This function personlize FIR design matrix for each participant, aims to remove bad runs and bad frames from the FIR model. Bad runs and bad frames were defined based on the framewise-displacement confound outputed by fMRIprep. The implementation here is that, 1) if more than prop_spike_cutoff (e.g., 5%) of frames with in a run has fd > fd_cutoff (e.g., 0.5), then all regressors will be 0 for all TRs within this run, 2) if the run is good, then look at each frame, if the frame has fd > spike_cutoff (e.g., 2mm), then all regressors of this frame and its preceding and following frames will be 0.

Parameters:

• cfg_dir – str The path for the toml configuration file.

• output_dir – str Where the text file and heatmap will be created at.

Returns:

None

Notes:

This function generates FIR design matrix customized for each subject, removing spikes and bad runs (due to motion). For the specified subject, this function writes out fir_design_matrix.txt, which is finite impulse response (FIR) model design matrix, and fir_design_heatmap.png, which is the heatmap of the design matrix.

bgfc_kit.fir_design_matrix.write_vanilla_FIRdesginMat(cfg_dir: str, output_dir: str)

This function writes out the vanilla FIR design matrix to the output_dir. It also plots it out so you can eyeball the structure to make sure it looks correct. This function assumes the functional scans were ordered in the same way across the subjects even though they were run in different orders. This can easily be achieved by naming your EPI runs during the R&D session. As a result, this function generates the design matrix that works for all participants.

Parameters:

• cfg_dir – str The path for the toml configuration file.

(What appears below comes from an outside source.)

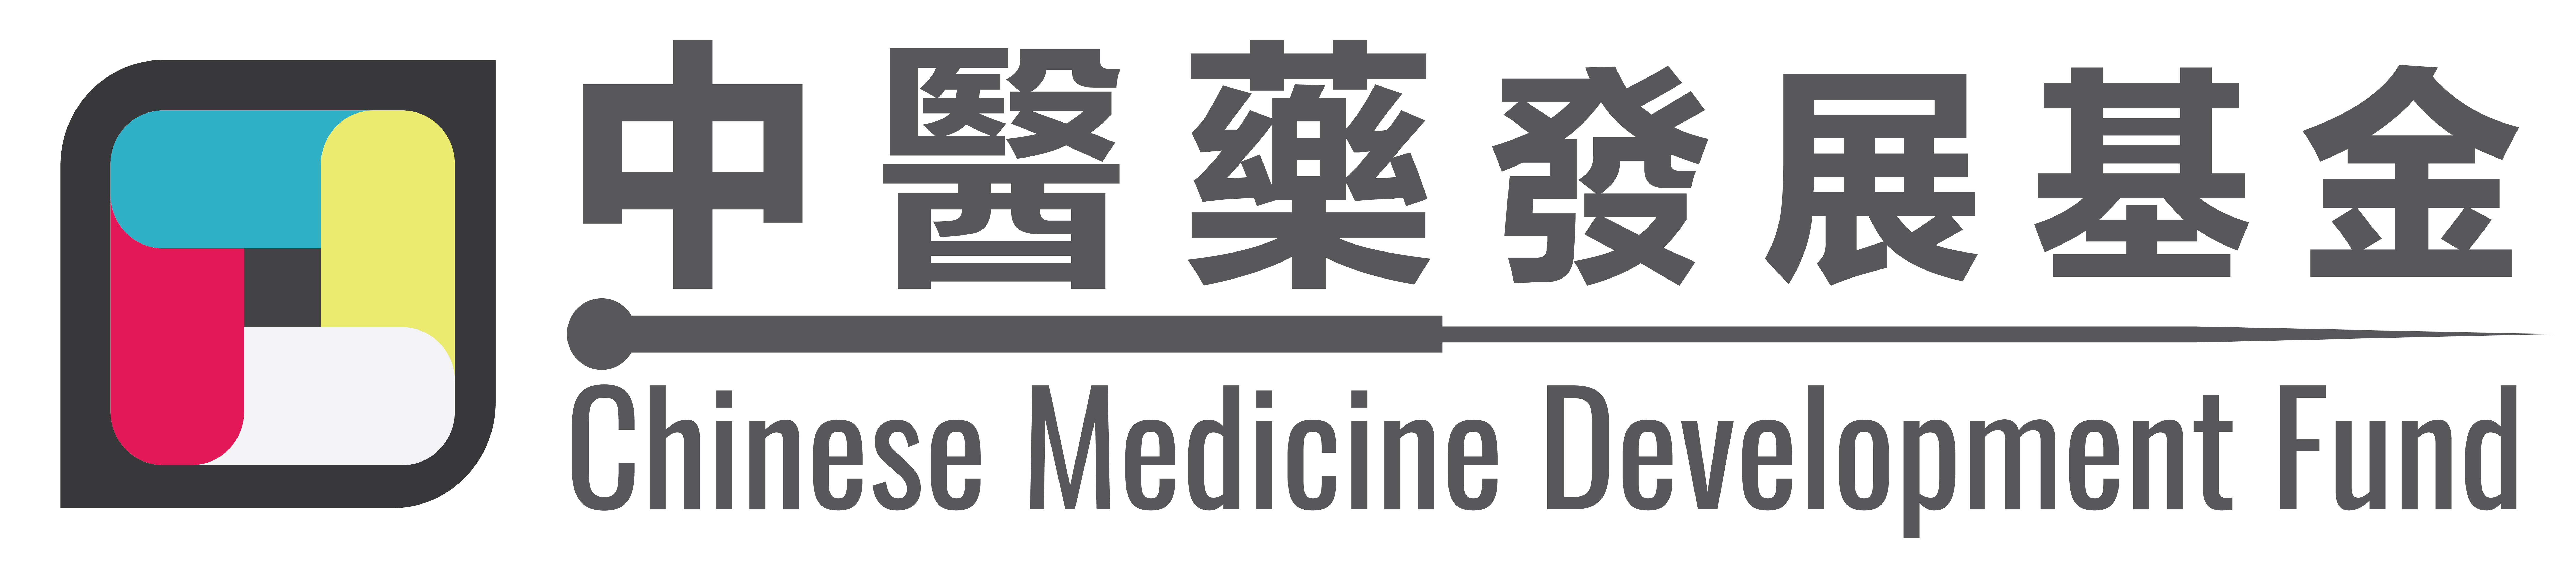 CMDF logo cfm 02072019

• output_dir – str Where the text file and heatmap will be created at.

Returns:

None

Notes:

This function does not account for spikes or bad runs, thus being ‘vanilla’. This function writes out fir_design_matrix.txt, which is finite impulse response (FIR) model design matrix, and fir_design_heatmap.png, which is the heatmap of the design matrix.

bgfc_kit.preprocessing_pipeline module

bgfc_kit.preprocessing_pipeline.generate_postfMRIprep_pipeline_template_toml(output_dir)

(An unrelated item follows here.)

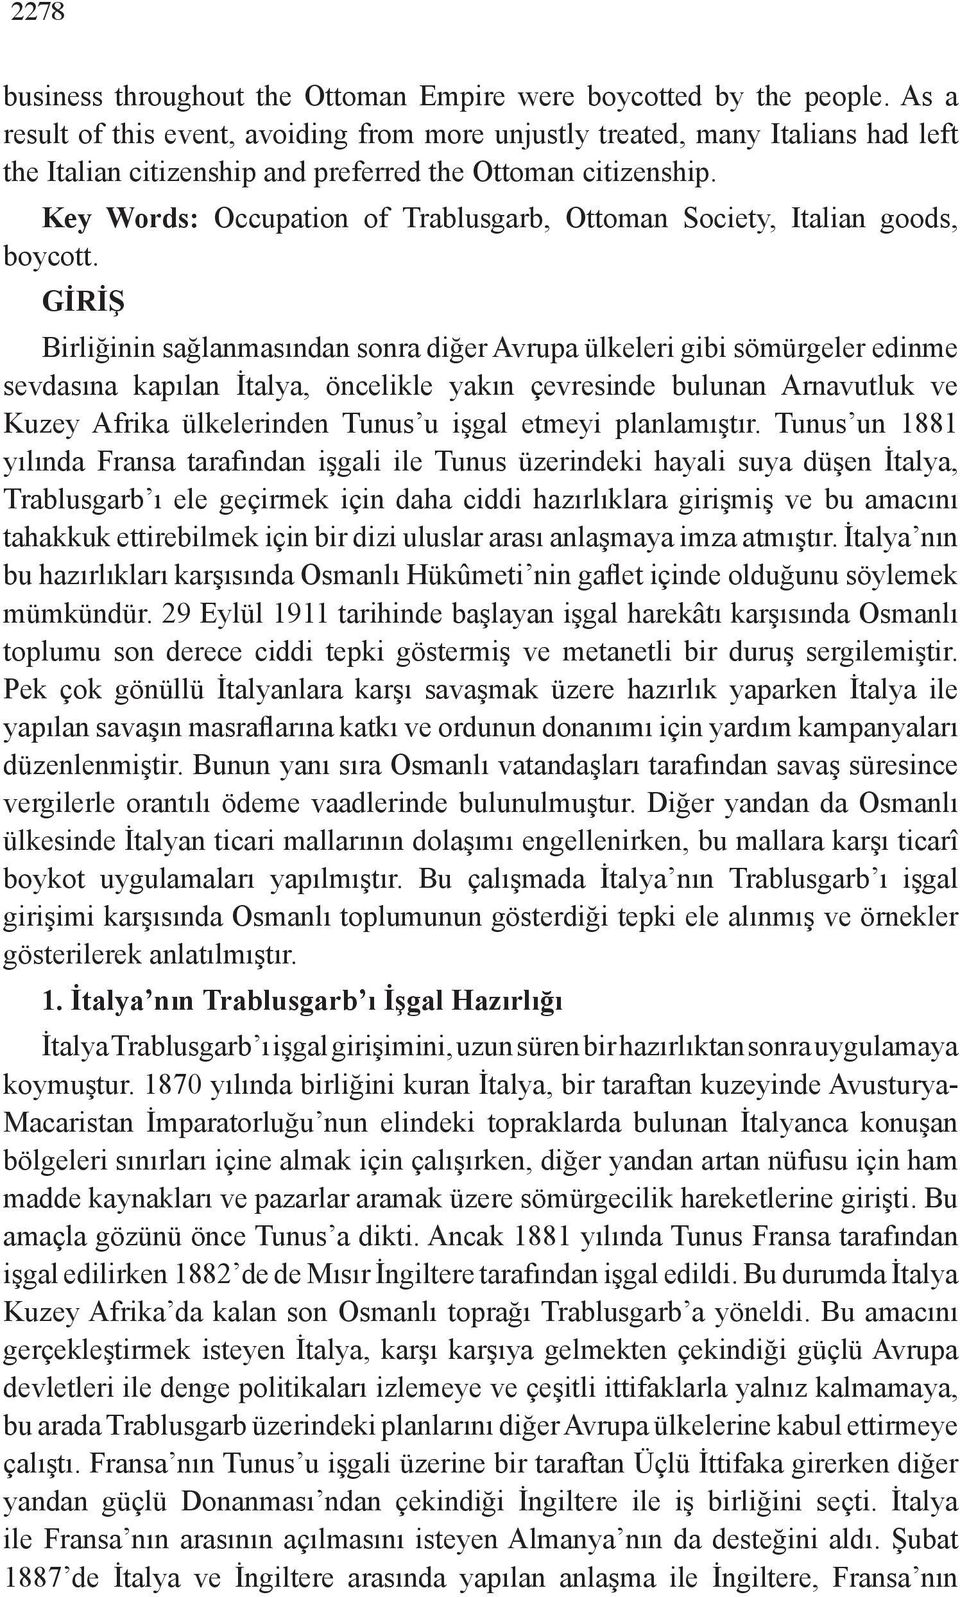 Key Words: Occupation of Trablusgarb, Ottoman Society, Italian goods, boycott.

This is the configuration file for post-fMRIprep preprocessing pipeline. This pipeline includes 1) smoothing and high-pass filterinng, 2) nuisance GLM using FSL FEAT implemented with nipype, 3) demean of each run (i.e., zscoring the whole run using the mean and sd of the ‘resting TRs’, which will be defined by your configuration file), and concatenating all runs into one long timeseries (the order of concatenation is crucial, it should be identical to your FIR design matrix, which will be defined by your configuration file), and 4) FIR glm. You need to specify all the parameters listed below in order to run the pipeline. The important output files are 1) evoked timeseries after regressing out confounds, which can be found sub-xx/before_FIR folder, 2) residual timeseries after regressing out stimulus evoked activities, which can be found sub-xx/FIR_residual folder, and 3) FIR regressor beta values, which can be found sub-xx/FIR_betas.

Function parameters

output_dir:

Where the template configuration file will be created at.

Configuration parameters

sub_id:

subject id; This is placed at %s following ‘sub-’; be consistent with fMRIprep naming convention: sub-%s_task-%s_space-%s_desc-preproc_bold.nii.gz

task_id:

A list of tasks; This is placed at %s following ‘task-’. IMPORTANT: make sure the order you provide is consistent with the design matrix

space:

This be placed at %s following ‘space-’ (e.g., MNI152NLin2009cAsym_res-2)

base_dir:

Where fMRIPrep derivative folder is at

output_dir:

Output directory

designMat_dir:

Directory for the FIR design matrix

runRest_tr:

List of TRs that are ‘rest TR’, will serve as baseline activity level

fwhm:

Smoothing kernel size

hpcutoff:

High pass filter cut off, by setting default value being 50, high pass filter is 100

nproc:

Multithreading

bgfc_kit.preprocessing_pipeline.run_postfMRIprep_pipeline(cfg_dir)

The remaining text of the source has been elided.